Re: no. of CPUs for optimal GTX-690 performance

From: Aron Broom (
Date: Tue Nov 06 2012 - 13:44:06 CST

Normally I'd point out the whole business about GPU bandwidth being a major
culprit in poor performance with NAMD since not everything is done on the
GPU, but that is one hell of a motherboard you're looking at! I'd really
love to see what the benchmarks look like on that thing with your GTX-690.

With dual M2070s (equivalent of two GTX-570s, so roughly a GTX-590), here
is how my performance scaled with CPU usage, having two 6-core xeons (this
is with a 100k atom system, explicit solvent, 1,2,4 fs multistepping (I
didn't really know what I was doing initially, so that part is a bit odd),
langevin thermo and barostat, PME 1.0 grid):

2 CPU: 0.79 days/ns
4 CPU: 0.47 days/ns
6 CPU: 0.39 days/ns
8 CPU: 0.39 days/ns
10 CPU: 0.40 days/ns
12 CPU: 0.39 days/ns

So as you can see from that, I was likely limited by GPU memory bandwidth
beyond 6-cores (or maybe some kind of communication between the two
CPUs?). So, I guess the only conclusion you can draw from this is, for
sure go with more than 6 cores, but you were already doing that.

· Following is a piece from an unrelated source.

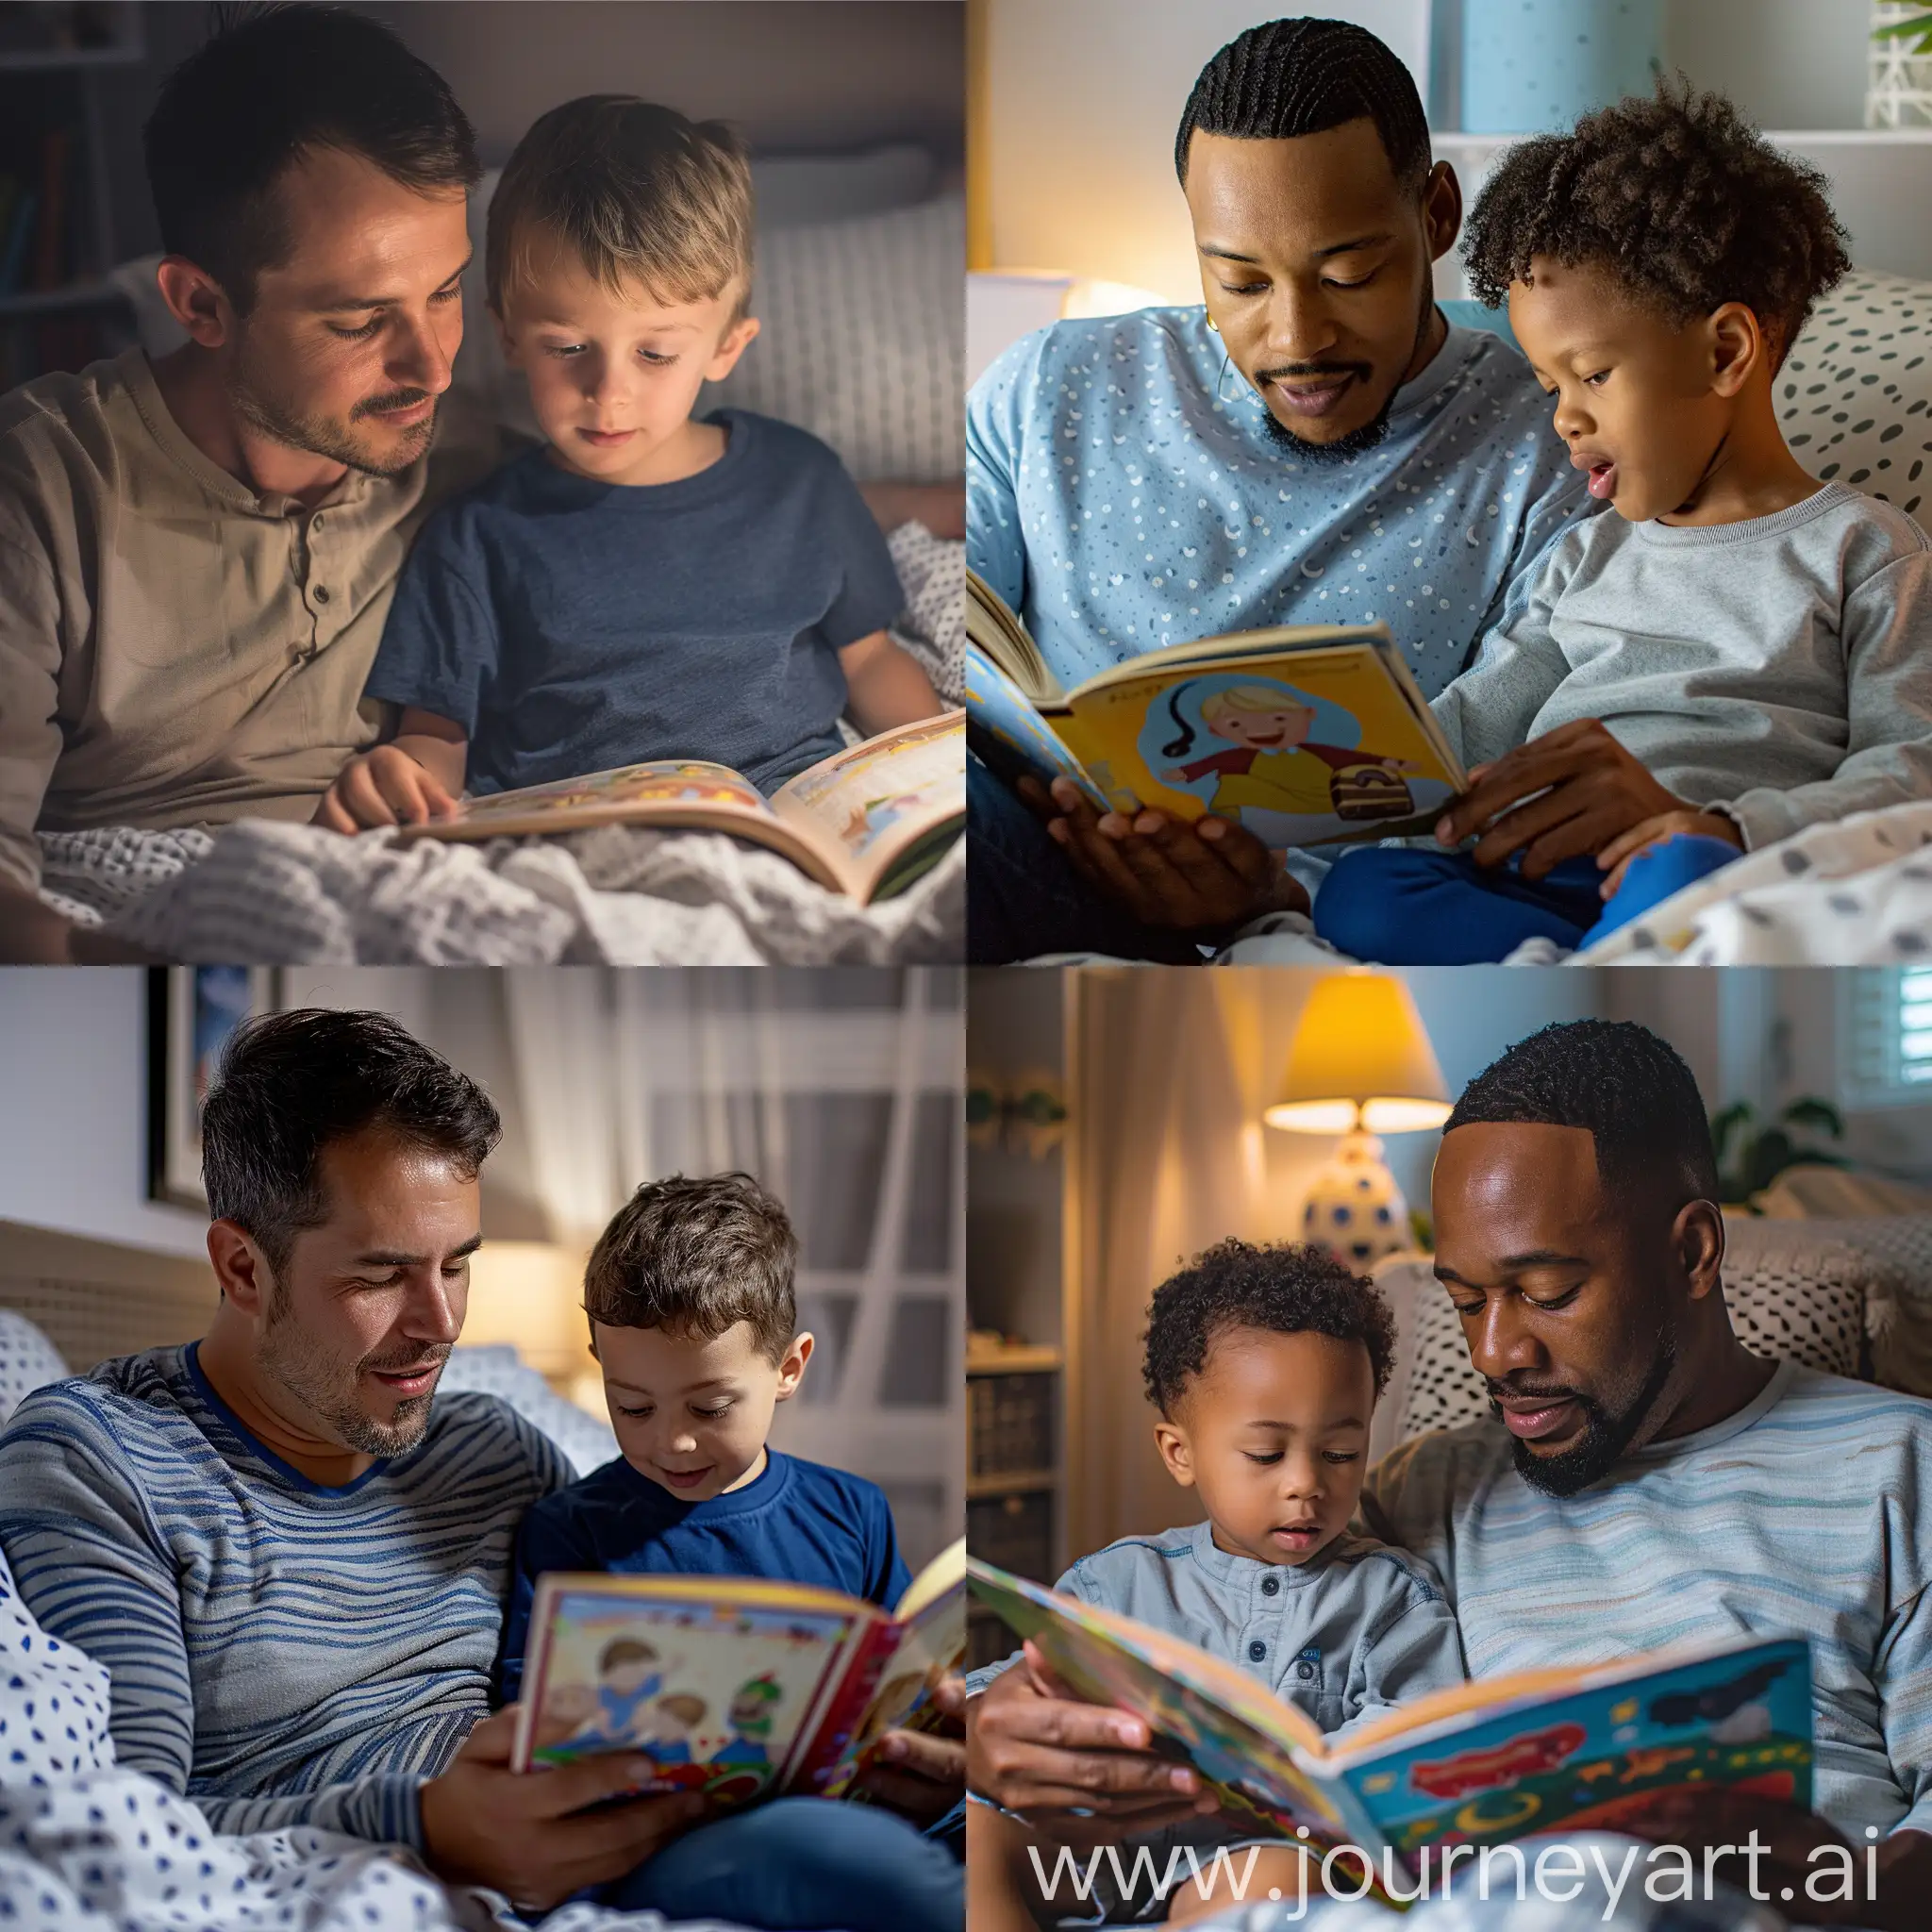 Show me an image of a dad reading a bedtime story to his 6 year old son

One other thing I can add, which maybe doesn't matter because your
motherboad may lock you into certain CPUs; the hyperthreading on the intel
cores is valueless for NAMD calculations. From my limited testing between
a few different systems, AMD thuban 6-core CPUs gave equivalent performance
to Xeon 6-core, but at a fraction of the cost.


I think you should investigate heavily the memory bandwidth issues
associated with this. There are other posts on the mailing list, but
essentially you are probably being limited not by your CPU performance, but
by the time it takes the GPU to communicate back to the CPU.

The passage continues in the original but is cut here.